| Task directions |
Type out all the records once more, exactly.

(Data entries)
+ + + + + + +
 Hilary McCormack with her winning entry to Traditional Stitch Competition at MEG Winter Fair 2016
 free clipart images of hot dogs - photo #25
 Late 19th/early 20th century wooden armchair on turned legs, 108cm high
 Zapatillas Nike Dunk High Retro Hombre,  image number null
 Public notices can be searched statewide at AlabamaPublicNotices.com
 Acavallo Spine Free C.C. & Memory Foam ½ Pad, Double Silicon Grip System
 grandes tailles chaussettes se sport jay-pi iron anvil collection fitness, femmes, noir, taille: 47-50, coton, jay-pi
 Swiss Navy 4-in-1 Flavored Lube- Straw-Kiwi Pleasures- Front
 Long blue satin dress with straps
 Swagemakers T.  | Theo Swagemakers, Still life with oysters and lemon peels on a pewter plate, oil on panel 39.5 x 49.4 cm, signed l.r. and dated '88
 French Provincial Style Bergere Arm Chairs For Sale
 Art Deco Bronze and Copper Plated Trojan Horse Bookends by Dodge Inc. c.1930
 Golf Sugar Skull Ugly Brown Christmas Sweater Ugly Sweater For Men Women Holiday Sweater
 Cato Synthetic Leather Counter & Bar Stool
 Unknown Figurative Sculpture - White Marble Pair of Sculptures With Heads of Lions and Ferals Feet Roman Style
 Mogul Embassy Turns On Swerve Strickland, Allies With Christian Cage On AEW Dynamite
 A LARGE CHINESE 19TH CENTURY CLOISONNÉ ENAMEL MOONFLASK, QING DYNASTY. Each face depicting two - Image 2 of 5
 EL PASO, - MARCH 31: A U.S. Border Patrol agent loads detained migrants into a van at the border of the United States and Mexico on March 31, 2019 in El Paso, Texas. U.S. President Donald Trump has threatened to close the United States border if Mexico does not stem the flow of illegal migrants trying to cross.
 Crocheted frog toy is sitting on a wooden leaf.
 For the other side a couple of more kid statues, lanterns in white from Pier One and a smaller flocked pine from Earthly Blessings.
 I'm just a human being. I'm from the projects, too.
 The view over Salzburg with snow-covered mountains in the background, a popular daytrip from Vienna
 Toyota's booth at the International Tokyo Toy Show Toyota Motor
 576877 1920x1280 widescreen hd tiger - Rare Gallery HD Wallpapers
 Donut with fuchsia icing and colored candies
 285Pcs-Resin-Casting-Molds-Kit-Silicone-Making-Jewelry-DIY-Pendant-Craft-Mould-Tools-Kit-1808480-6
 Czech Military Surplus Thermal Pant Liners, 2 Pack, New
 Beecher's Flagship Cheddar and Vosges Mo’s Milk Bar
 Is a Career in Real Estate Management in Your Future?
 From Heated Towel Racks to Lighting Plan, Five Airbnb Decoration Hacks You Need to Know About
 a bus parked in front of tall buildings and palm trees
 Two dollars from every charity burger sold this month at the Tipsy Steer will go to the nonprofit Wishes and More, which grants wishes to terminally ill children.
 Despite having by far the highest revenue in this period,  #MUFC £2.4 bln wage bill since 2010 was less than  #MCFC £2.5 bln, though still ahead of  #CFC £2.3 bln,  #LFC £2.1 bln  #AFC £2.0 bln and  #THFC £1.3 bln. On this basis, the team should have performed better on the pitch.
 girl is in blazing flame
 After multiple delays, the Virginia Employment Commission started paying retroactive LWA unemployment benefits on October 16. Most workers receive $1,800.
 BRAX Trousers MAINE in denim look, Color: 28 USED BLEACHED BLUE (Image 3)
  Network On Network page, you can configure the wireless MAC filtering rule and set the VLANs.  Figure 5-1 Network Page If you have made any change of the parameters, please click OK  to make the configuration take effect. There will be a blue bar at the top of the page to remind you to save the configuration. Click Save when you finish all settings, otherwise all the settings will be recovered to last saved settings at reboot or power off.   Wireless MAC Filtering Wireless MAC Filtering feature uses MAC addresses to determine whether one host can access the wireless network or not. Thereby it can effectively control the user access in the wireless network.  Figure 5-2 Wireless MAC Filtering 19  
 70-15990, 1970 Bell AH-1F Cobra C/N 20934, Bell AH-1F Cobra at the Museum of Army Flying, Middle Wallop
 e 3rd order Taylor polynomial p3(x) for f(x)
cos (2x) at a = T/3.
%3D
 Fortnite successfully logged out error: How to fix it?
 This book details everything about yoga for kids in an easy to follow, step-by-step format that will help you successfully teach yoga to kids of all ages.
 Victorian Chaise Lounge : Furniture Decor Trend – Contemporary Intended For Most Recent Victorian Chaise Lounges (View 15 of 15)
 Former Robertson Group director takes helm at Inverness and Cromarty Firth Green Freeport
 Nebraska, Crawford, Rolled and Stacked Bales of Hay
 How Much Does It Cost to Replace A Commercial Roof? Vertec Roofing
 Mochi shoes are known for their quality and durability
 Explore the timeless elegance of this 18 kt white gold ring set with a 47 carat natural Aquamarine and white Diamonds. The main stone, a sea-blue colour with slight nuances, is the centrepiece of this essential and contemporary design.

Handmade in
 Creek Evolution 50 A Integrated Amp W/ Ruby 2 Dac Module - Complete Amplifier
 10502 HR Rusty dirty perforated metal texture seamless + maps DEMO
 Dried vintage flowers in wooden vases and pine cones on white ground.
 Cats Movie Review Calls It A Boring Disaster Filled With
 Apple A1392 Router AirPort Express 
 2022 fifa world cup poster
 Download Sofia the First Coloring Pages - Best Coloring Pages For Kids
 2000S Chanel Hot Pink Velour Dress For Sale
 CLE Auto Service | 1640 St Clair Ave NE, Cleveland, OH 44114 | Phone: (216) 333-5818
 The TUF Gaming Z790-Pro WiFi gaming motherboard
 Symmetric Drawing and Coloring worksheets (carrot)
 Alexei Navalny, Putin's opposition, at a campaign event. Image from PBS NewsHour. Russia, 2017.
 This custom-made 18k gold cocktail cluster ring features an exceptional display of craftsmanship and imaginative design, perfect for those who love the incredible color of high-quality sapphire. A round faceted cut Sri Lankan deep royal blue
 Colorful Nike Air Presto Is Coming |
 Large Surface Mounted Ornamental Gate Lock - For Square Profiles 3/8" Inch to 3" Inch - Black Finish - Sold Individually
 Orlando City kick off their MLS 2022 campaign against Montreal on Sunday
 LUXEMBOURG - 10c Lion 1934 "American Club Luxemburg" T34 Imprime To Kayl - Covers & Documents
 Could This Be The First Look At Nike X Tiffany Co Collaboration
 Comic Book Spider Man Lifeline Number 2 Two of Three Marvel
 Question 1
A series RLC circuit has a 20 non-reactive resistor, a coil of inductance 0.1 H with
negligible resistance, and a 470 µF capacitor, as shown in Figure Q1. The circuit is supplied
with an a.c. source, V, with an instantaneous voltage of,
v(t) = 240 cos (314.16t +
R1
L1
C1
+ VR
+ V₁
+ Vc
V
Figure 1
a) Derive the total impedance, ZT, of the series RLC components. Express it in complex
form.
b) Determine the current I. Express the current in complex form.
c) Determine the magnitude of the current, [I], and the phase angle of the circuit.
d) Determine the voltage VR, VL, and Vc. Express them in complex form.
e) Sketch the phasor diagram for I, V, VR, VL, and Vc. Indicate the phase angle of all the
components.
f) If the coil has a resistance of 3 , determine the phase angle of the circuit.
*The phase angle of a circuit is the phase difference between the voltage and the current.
+ + + + + + +
| Response to the task |
 Hilary McCormack with her winning entry to Traditional Stitch Competition at MEG Winter Fair 2016
 free clipart images of hot dogs - photo #25
 Late 19th/early 20th century wooden armchair on turned legs, 108cm high
 Zapatillas Nike Dunk High Retro Hombre,  image number null
 Public notices can be searched statewide at AlabamaPublicNotices.com
 Acavallo Spine Free C.C. & Memory Foam ½ Pad, Double Silicon Grip System
 grandes tailles chaussettes se sport jay-pi iron anvil collection fitness, femmes, noir, taille: 47-50, coton, jay-pi
 Swiss Navy 4-in-1 Flavored Lube- Straw-Kiwi Pleasures- Front
 Long blue satin dress with straps
 Swagemakers T.  | Theo Swagemakers, Still life with oysters and lemon peels on a pewter plate, oil on panel 39.5 x 49.4 cm, signed l.r. and dated '88
 French Provincial Style Bergere Arm Chairs For Sale
 Art Deco Bronze and Copper Plated Trojan Horse Bookends by Dodge Inc. c.1930
 Golf Sugar Skull Ugly Brown Christmas Sweater Ugly Sweater For Men Women Holiday Sweater
 Cato Synthetic Leather Counter & Bar Stool
 Unknown Figurative Sculpture - White Marble Pair of Sculptures With Heads of Lions and Ferals Feet Roman Style
 Mogul Embassy Turns On Swerve Strickland, Allies With Christian Cage On AEW Dynamite
 A LARGE CHINESE 19TH CENTURY CLOISONNÉ ENAMEL MOONFLASK, QING DYNASTY. Each face depicting two - Image 2 of 5
 EL PASO, - MARCH 31: A U.S. Border Patrol agent loads detained migrants into a van at the border of the United States and Mexico on March 31, 2019 in El Paso, Texas. U.S. President Donald Trump has threatened to close the United States border if Mexico does not stem the flow of illegal migrants trying to cross.
 Crocheted frog toy is sitting on a wooden leaf.
 For the other side a couple of more kid statues, lanterns in white from Pier One and a smaller flocked pine from Earthly Blessings.
 I'm just a human being. I'm from the projects, too.
 The view over Salzburg with snow-covered mountains in the background, a popular daytrip from Vienna
 Toyota's booth at the International Tokyo Toy Show Toyota Motor
 576877 1920x1280 widescreen hd tiger - Rare Gallery HD Wallpapers
 Donut with fuchsia icing and colored candies
 285Pcs-Resin-Casting-Molds-Kit-Silicone-Making-Jewelry-DIY-Pendant-Craft-Mould-Tools-Kit-1808480-6
 Czech Military Surplus Thermal Pant Liners, 2 Pack, New
 Beecher's Flagship Cheddar and Vosges Mo’s Milk Bar
 Is a Career in Real Estate Management in Your Future?
 From Heated Towel Racks to Lighting Plan, Five Airbnb Decoration Hacks You Need to Know About
 a bus parked in front of tall buildings and palm trees
 Two dollars from every charity burger sold this month at the Tipsy Steer will go to the nonprofit Wishes and More, which grants wishes to terminally ill children.
 Despite having by far the highest revenue in this period,  #MUFC £2.4 bln wage bill since 2010 was less than  #MCFC £2.5 bln, though still ahead of  #CFC £2.3 bln,  #LFC £2.1 bln  #AFC £2.0 bln and  #THFC £1.3 bln. On this basis, the team should have performed better on the pitch.
 girl is in blazing flame
 After multiple delays, the Virginia Employment Commission started paying retroactive LWA unemployment benefits on October 16. Most workers receive $1,800.
 BRAX Trousers MAINE in denim look, Color: 28 USED BLEACHED BLUE (Image 3)
  Network On Network page, you can configure the wireless MAC filtering rule and set the VLANs.  Figure 5-1 Network Page If you have made any change of the parameters, please click OK  to make the configuration take effect. There will be a blue bar at the top of the page to remind you to save the configuration. Click Save when you finish all settings, otherwise all the settings will be recovered to last saved settings at reboot or power off.   Wireless MAC Filtering Wireless MAC Filtering feature uses MAC addresses to determine whether one host can access the wireless network or not. Thereby it can effectively control the user access in the wireless network.  Figure 5-2 Wireless MAC Filtering 19  
 70-15990, 1970 Bell AH-1F Cobra C/N 20934, Bell AH-1F Cobra at the Museum of Army Flying, Middle Wallop
 e 3rd order Taylor polynomial p3(x) for f(x)
cos (2x) at a = T/3.
%3D
 Fortnite successfully logged out error: How to fix it?
 This book details everything about yoga for kids in an easy to follow, step-by-step format that will help you successfully teach yoga to kids of all ages.
 Victorian Chaise Lounge : Furniture Decor Trend – Contemporary Intended For Most Recent Victorian Chaise Lounges (View 15 of 15)
 Former Robertson Group director takes helm at Inverness and Cromarty Firth Green Freeport
 Nebraska, Crawford, Rolled and Stacked Bales of Hay
 How Much Does It Cost to Replace A Commercial Roof? Vertec Roofing
 Mochi shoes are known for their quality and durability
 Explore the timeless elegance of this 18 kt white gold ring set with a 47 carat natural Aquamarine and white Diamonds. The main stone, a sea-blue colour with slight nuances, is the centrepiece of this essential and contemporary design.

Handmade in
 Creek Evolution 50 A Integrated Amp W/ Ruby 2 Dac Module - Complete Amplifier
 10502 HR Rusty dirty perforated metal texture seamless + maps DEMO
 Dried vintage flowers in wooden vases and pine cones on white ground.
 Cats Movie Review Calls It A Boring Disaster Filled With
 Apple A1392 Router AirPort Express 
 2022 fifa world cup poster
 Download Sofia the First Coloring Pages - Best Coloring Pages For Kids
 2000S Chanel Hot Pink Velour Dress For Sale
 CLE Auto Service | 1640 St Clair Ave NE, Cleveland, OH 44114 | Phone: (216) 333-5818
 The TUF Gaming Z790-Pro WiFi gaming motherboard
 Symmetric Drawing and Coloring worksheets (carrot)
 Alexei Navalny, Putin's opposition, at a campaign event. Image from PBS NewsHour. Russia, 2017.
 This custom-made 18k gold cocktail cluster ring features an exceptional display of craftsmanship and imaginative design, perfect for those who love the incredible color of high-quality sapphire. A round faceted cut Sri Lankan deep royal blue
 Colorful Nike Air Presto Is Coming |
 Large Surface Mounted Ornamental Gate Lock - For Square Profiles 3/8" Inch to 3" Inch - Black Finish - Sold Individually
 Orlando City kick off their MLS 2022 campaign against Montreal on Sunday
 LUXEMBOURG - 10c Lion 1934 "American Club Luxemburg" T34 Imprime To Kayl - Covers & Documents
 Could This Be The First Look At Nike X Tiffany Co Collaboration
 Comic Book Spider Man Lifeline Number 2 Two of Three Marvel
 Question 1
A series RLC circuit has a 20 non-reactive resistor, a coil of inductance 0.1 H with
negligible resistance, and a 470 µF capacitor, as shown in Figure Q1. The circuit is supplied
with an a.c. source, V, with an instantaneous voltage of,
v(t) = 240 cos (314.16t +
R1
L1
C1
+ VR
+ V₁
+ Vc
V
Figure 1
a) Derive the total impedance, ZT, of the series RLC components. Express it in complex
form.
b) Determine the current I. Express the current in complex form.
c) Determine the magnitude of the current, [I], and the phase angle of the circuit.
d) Determine the voltage VR, VL, and Vc. Express them in complex form.
e) Sketch the phasor diagram for I, V, VR, VL, and Vc. Indicate the phase angle of all the
components.
f) If the coil has a resistance of 3 , determine the phase angle of the circuit.
*The phase angle of a circuit is the phase difference between the voltage and the current.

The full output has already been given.